Находясь в итальянском городе Турине, Ницше был глубоко потрясен ужасным событием. Он увидел, как на улице извозчик жестоко избивает свою лошадь. Ницше бросился к лошади, обнял ее за шею, зарыдал, а после этого у него случился тяжелейший припадок с судорогами, и остаток своей несчастной и мучительной жизни он провел под присмотром матери и сестры. Интересна дата этого события. Все случилось в 1889 г., а мы знаем, что в 1887 г. Ницше открыл для себя Достоевского, который оказал на него колоссальное влияние. Налицо почти сверхъестественная связь между эпизодом на туринской улице и кошмарным видением Раскольникова накануне совершенных им убийств. Этот кошмар не сможет забыть никто из тех, кто прочел «Преступление и наказание». Достоевский пишет как раз об избиении лошади. Хозяин хлещет ее по глазам, по спине, призывает прохожих помочь ему в страшном деле… Мы не упускаем ни одной детали ужасной сцены. Если одного лишь стечения обстоятельств оказалось достаточно Аля того, чтобы Ницше окончательно лишился рассудка, значит, все его страдания, не связанные с произошедшим, сделали его слабым и уязвимым. Следовательно, никак не сделали его сильнее. Теперь я думаю, что самое большее, на что он был способен в те редкие моменты, когда боль и безумие не терзали его, — это собрать воедино свои глубокие афоризмы и парадоксы. И это давало ему эйфорическое ощущение собственного триумфа, триумфа воли. Книга «Сумерки кумиров» вышла почти одновременно с ужасным событием в Турине, поэтому совпадение оказалось максимально полным.

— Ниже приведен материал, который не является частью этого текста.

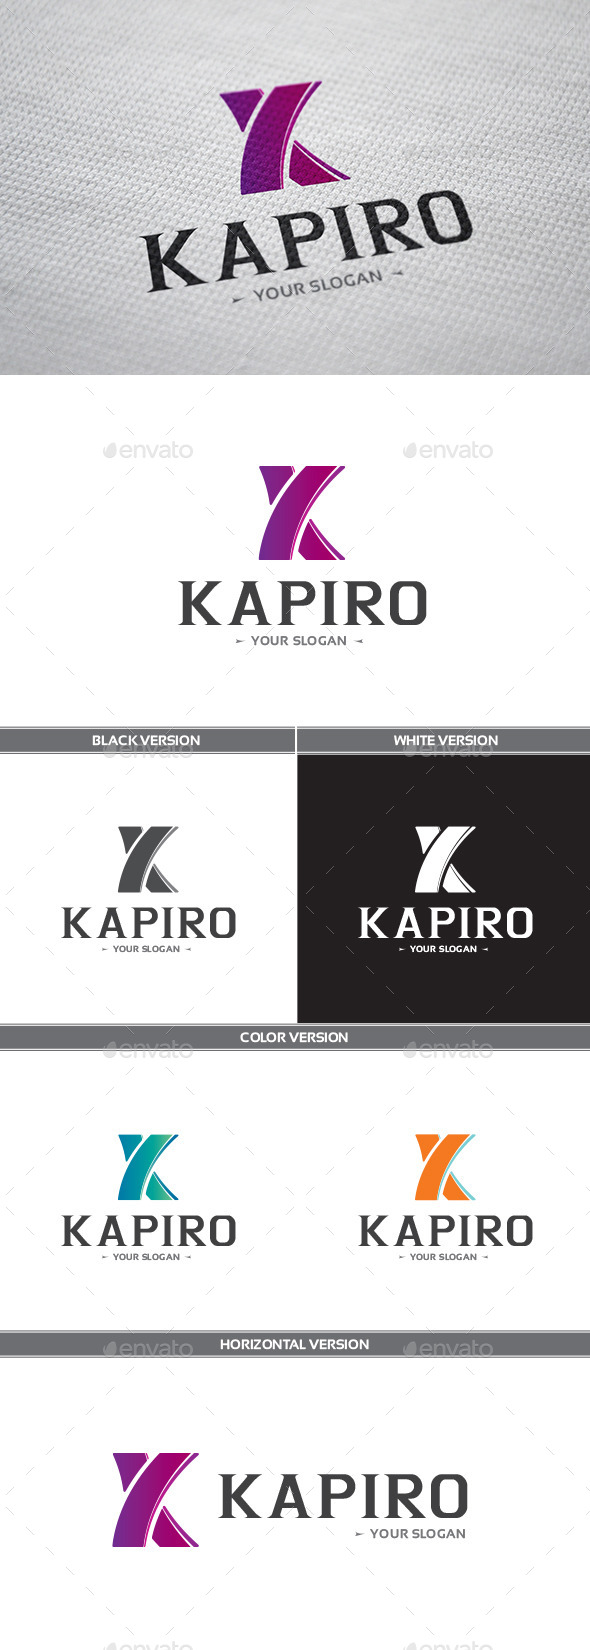 GraphicRiver Kapiro Logo 8838850

Давайте рассмотрим еще один пример — совершенно иной, куда более умеренный философ, который гораздо ближе к нам по времени. Профессор Сидни Хук[115] всегда был материалистом и прагматиком. Он писал изысканные трактаты, в которых сочетались идеи Джона Дьюи[116] и Карла Маркса. Профессор Хук всегда был непреклонным атеистом. В конце своей долгой жизни он тяжело заболел и начал размышлять над интересным парадоксом. Профессор Хук находился в медицинской Мекке мира — в клинике Стэнфордского университета в Калифорнии[117]. Ему был доступен такой уровень лечения и ухода, о каком прежние поколения не могли даже и мечтать, но в то же время мучения его были безмерны. После особенно тяжелого приступа, который удалось купировать, он решил, что раз так, то ему лучше умереть: «Я нахожусь на грани смерти. Для лечения застойной сердечной недостаточности мне была сделана ангиограмма, которая послужила причиной инсульта. Чудовищная и крайне болезненная икота, не прекращавшаяся несколько дней и ночей, препятствовала перевариванию пищи. Мою левую сторону и одну из голосовых связок парализовало. Начался плеврит, и мне стало казаться, что я тону в океане слизи. В один из редких моментов, когда боль отступила, я попросил своего врача отключить приборы, которые поддерживают во мне жизнь, или показать мне, как это сделать».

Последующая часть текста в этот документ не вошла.